While Gonzales finished the address without further incident, reporters didn't concentrate on his crime-fighting plans for long, turning the discussion rapidly to the sudden decision of his number two, Deputy Attorney General Paul McNulty, to step down this summer.

Gonzales appeared to suggest that McNulty was the key player in deciding which US Attorneys were fired, an assertion he repeated on several occasions.

"In this particular case, Mr. McNulty was a former colleague of all of these United States attorneys, and so he would probably know better than anyone else about the performance and the qualifications of these -- of our United States attorney community," he said. "My understanding was was that Mr. Sampson's recommendations reflected a consensus view of the senior leadership of the department, in particular the deputy attorney general."

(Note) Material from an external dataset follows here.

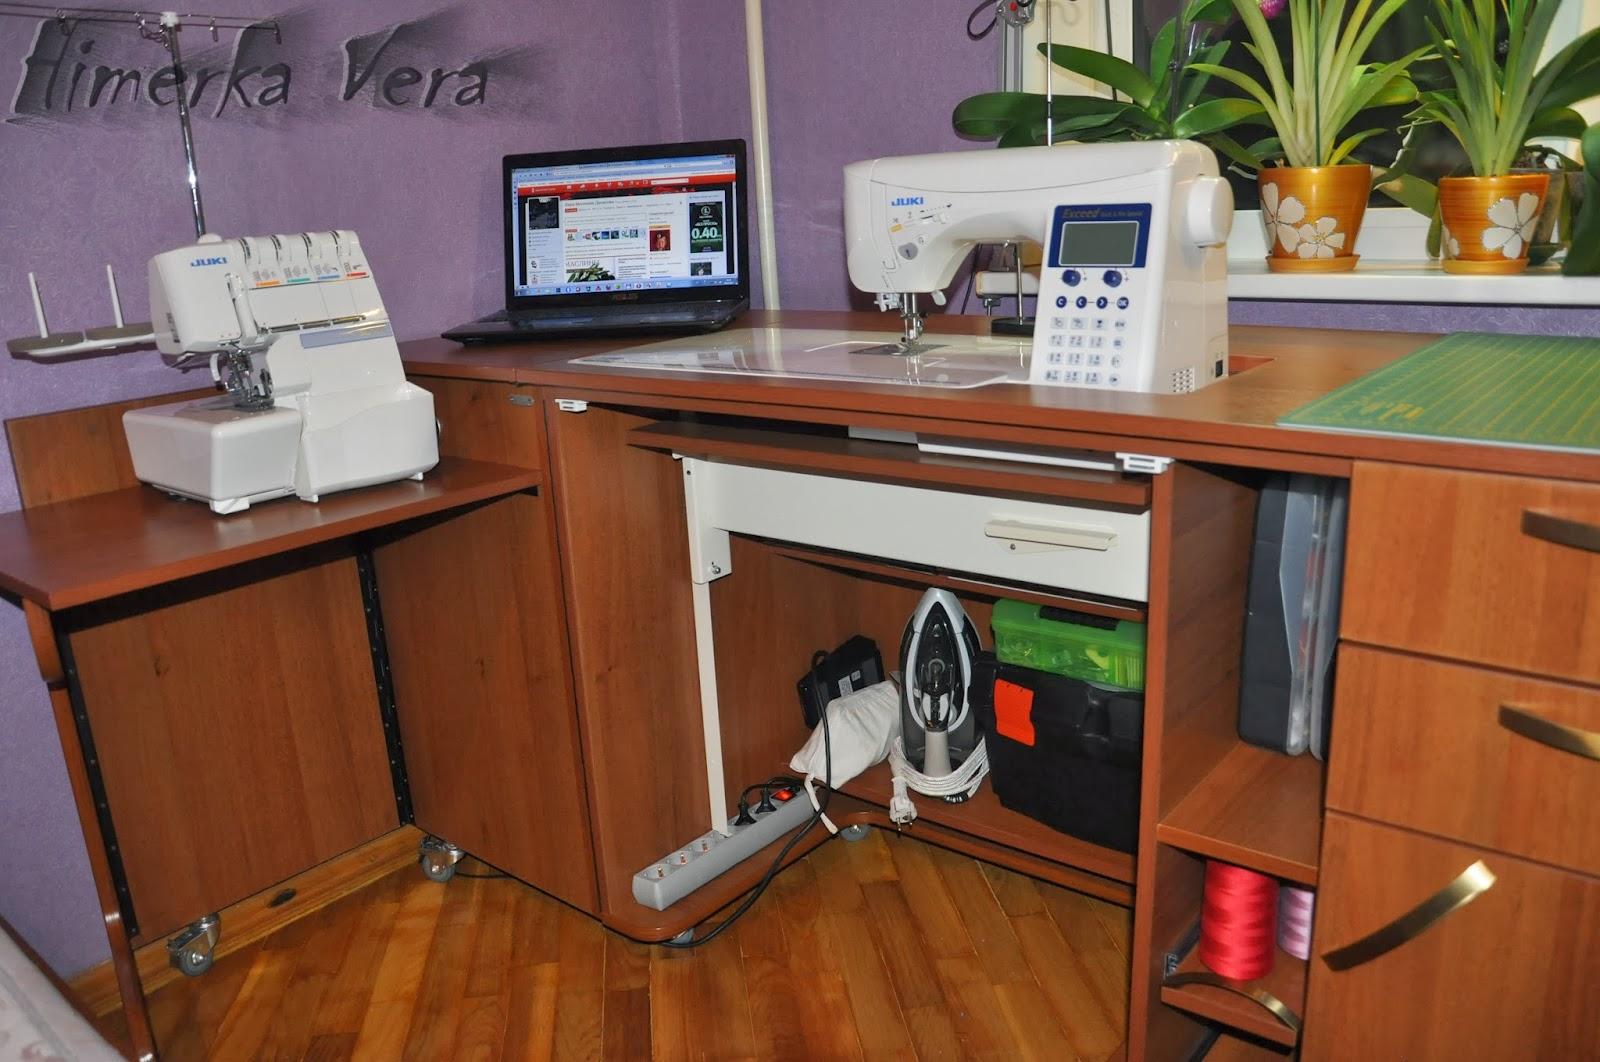 Организация рабочего места дома. Домашний офис. Фото. Идеи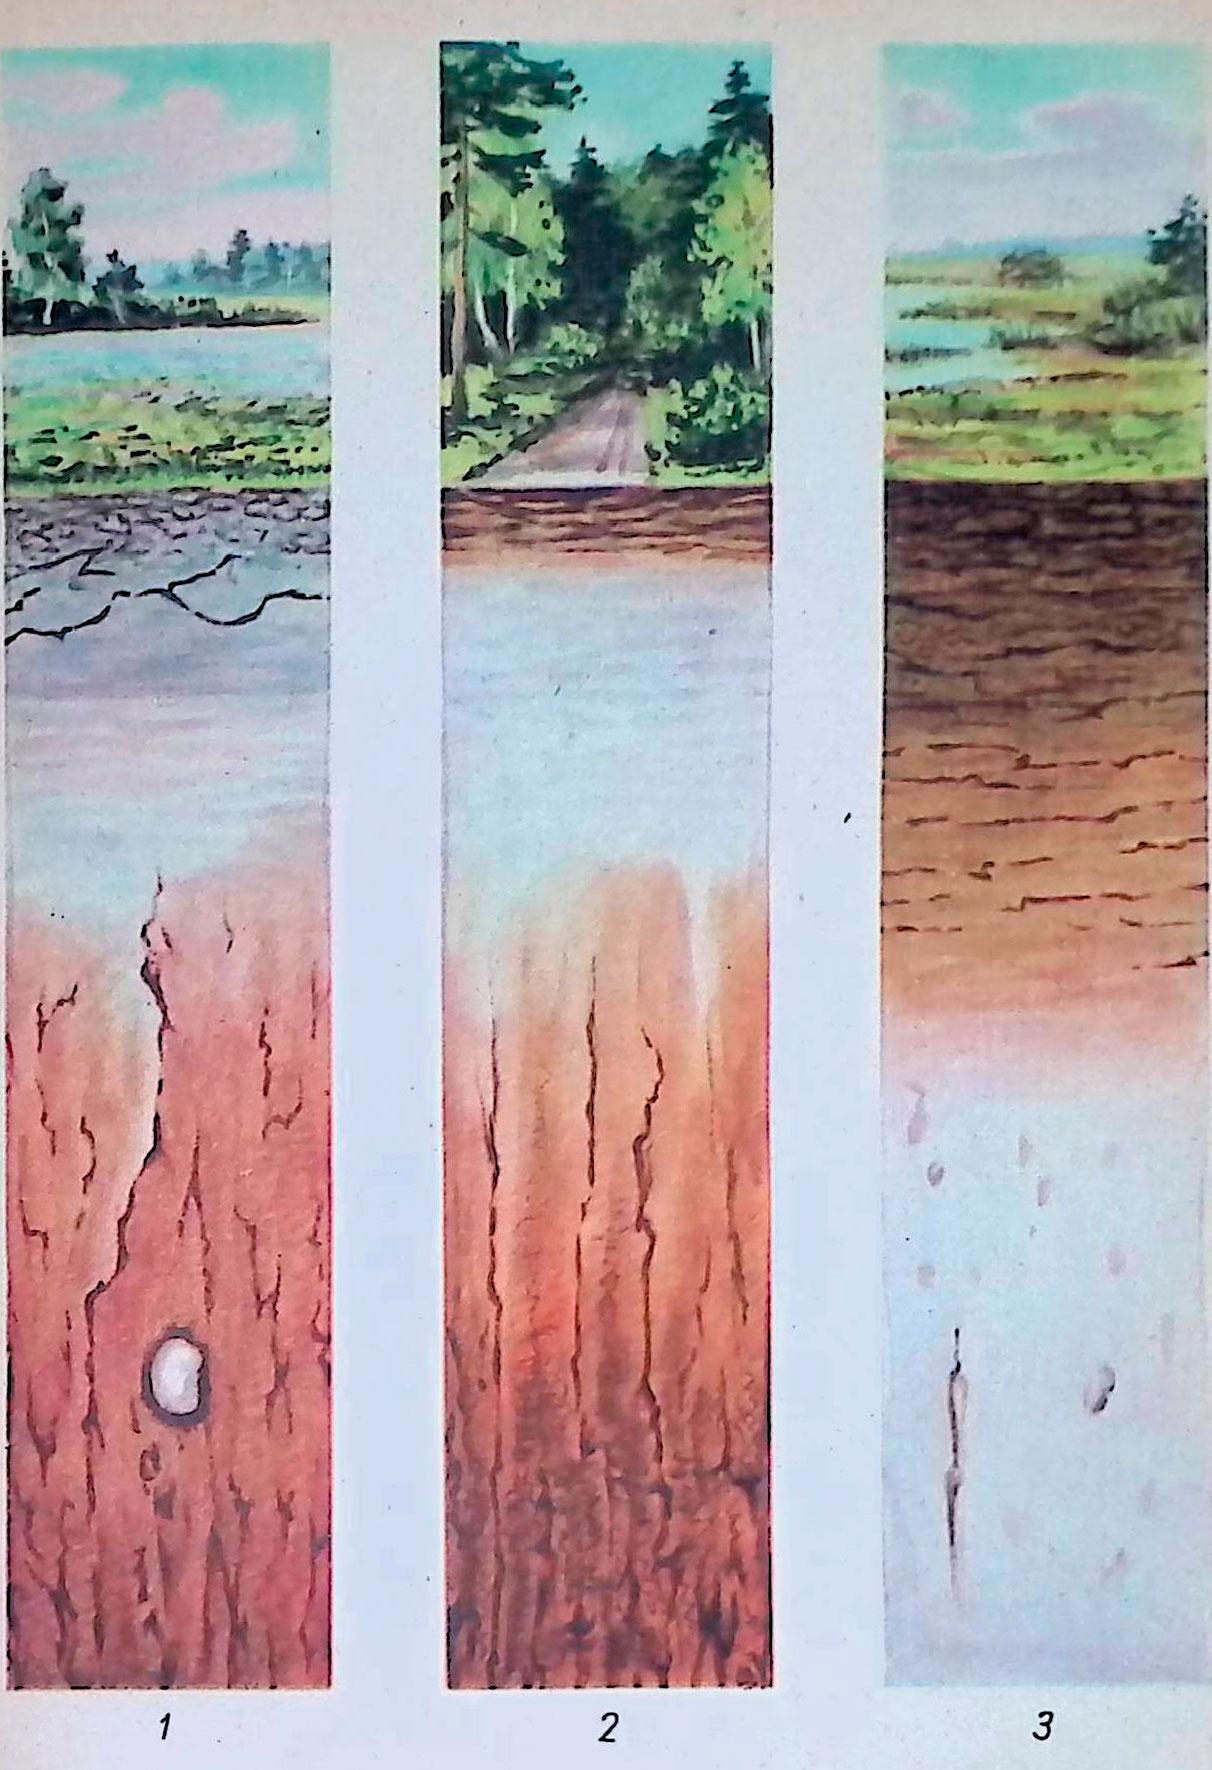 дерново - подзолистая почва; 2— подзол; 3—профиль лугового торфяника

Gonzales also continued to work to insulate the White House from any involvement in the firings.

"I believe the White House has publicly stated that, that they were not involved in adding names or deleting names from the list," he said.

The Attorney General defended the prerogative of the President to hire and fire US Attorneys on the basis of politics, and based less on performance, too.

"If you have a more formal process and a U.S. attorney gets a great evaluation, politically it may be more difficult for the president to make a change simply because he wants to make a change. A president should be able to do that," he argued.

Gonzales attempted early in the press conference to tell reporters to focus on questions of law enforcement strategy, and steer clear of the US Attorneys controversy.

"I think the American people really are concerned is the country safe...so while, of course, I'm focused on ensuring that the Congress has the information that it needs to do its job, I'm also -- remain very, very focused, as are members of the department of Justice, remain very focused on doing the work for the American people," he said.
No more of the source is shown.